Un document de mars 1363, où Guillaume de Lescouet est qualifié de \ »tabellion du pape\ », nous fait connaître le nom de sa femme : Peronelle Boucher. Ensemble, ils achètent plusieurs rentes sur des maisons dont une appartient aux héritiers de Guillaume Jacques (autre notaire breton) et à Jean Le Boucher (père de Peronelle).
Enfin, dans les lettres patentes de Charles V portant exemption du guet et de la garde des porte de Paris, datées du 5 novembre 1368, figure le nom de Guillaume de Lescouet parmi les 14 libraires listés qui échappaient à cette corvée.

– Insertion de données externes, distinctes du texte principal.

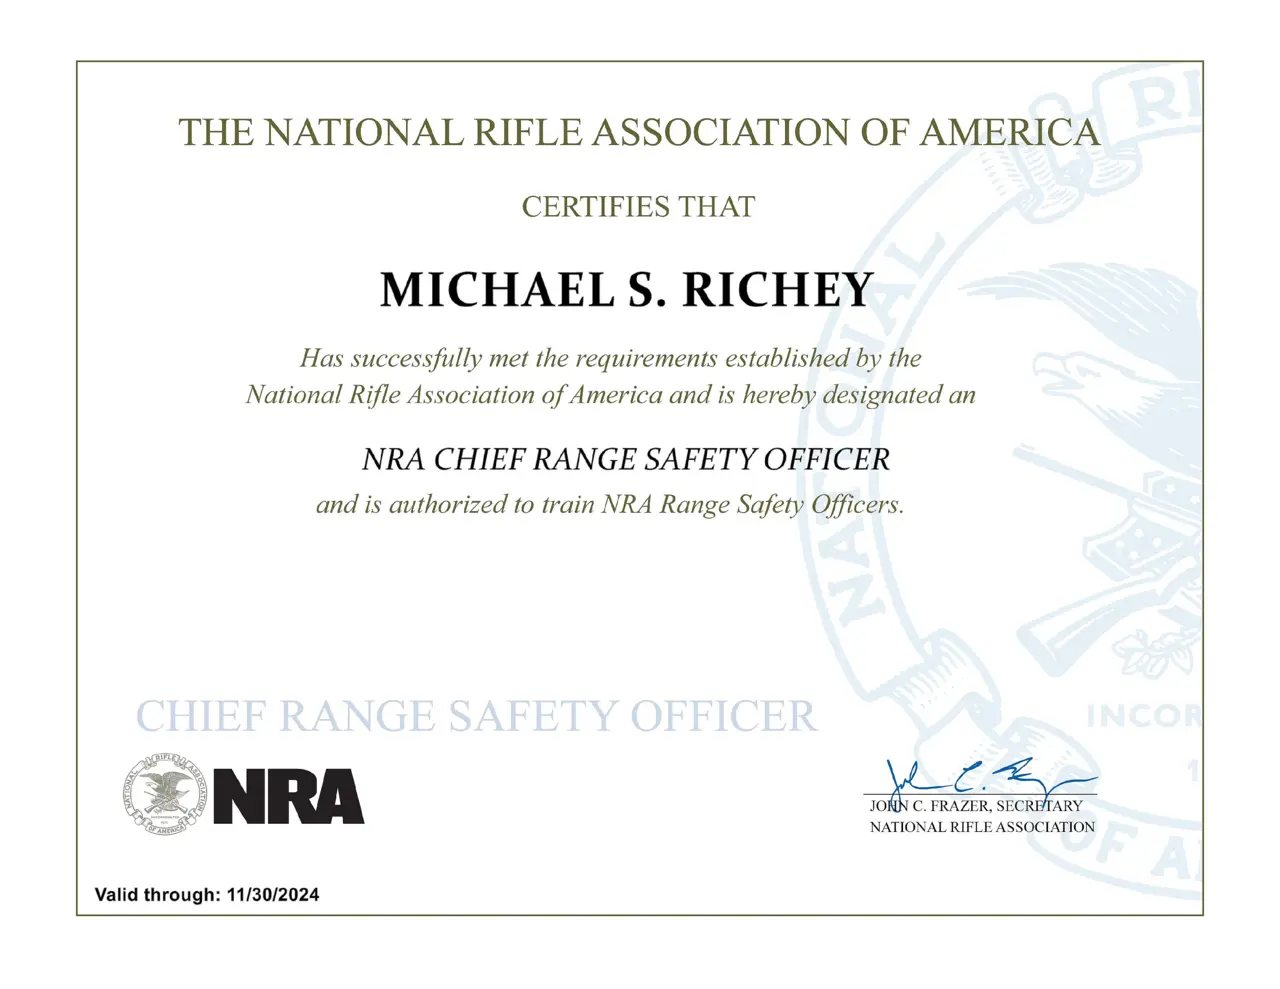 Certificates for Michael Richey

Voici donc quelques éléments biographiques de notre notaire-libraire breton maitre Guillaume de Lescouet qui décéda après 1386, date à laquelle il est encore mentionné dans le Registre des causes civiles de l’officialité épiscopale de Paris.
SOURCES : Paris, Archives nationales, L 715, n° 5 ; M 68, n° 39, 45, 54, 55 ; S 92 ; S* 1647
Guillaume Lesconnet (Lescouvet, de Lescouet) cité dans:
Paul Delalain, Étude sur le libraire Parisien du XIIIe au XVe siècle, Paris, 1891, p. 44.
Richard H. Rouse et Mary A. Rouse, Manuscripts and their Makers. Commercial Book Producers in Medieval Paris, 1200- 1500, Londres, Harvey Miller, 2000, vol. II, p.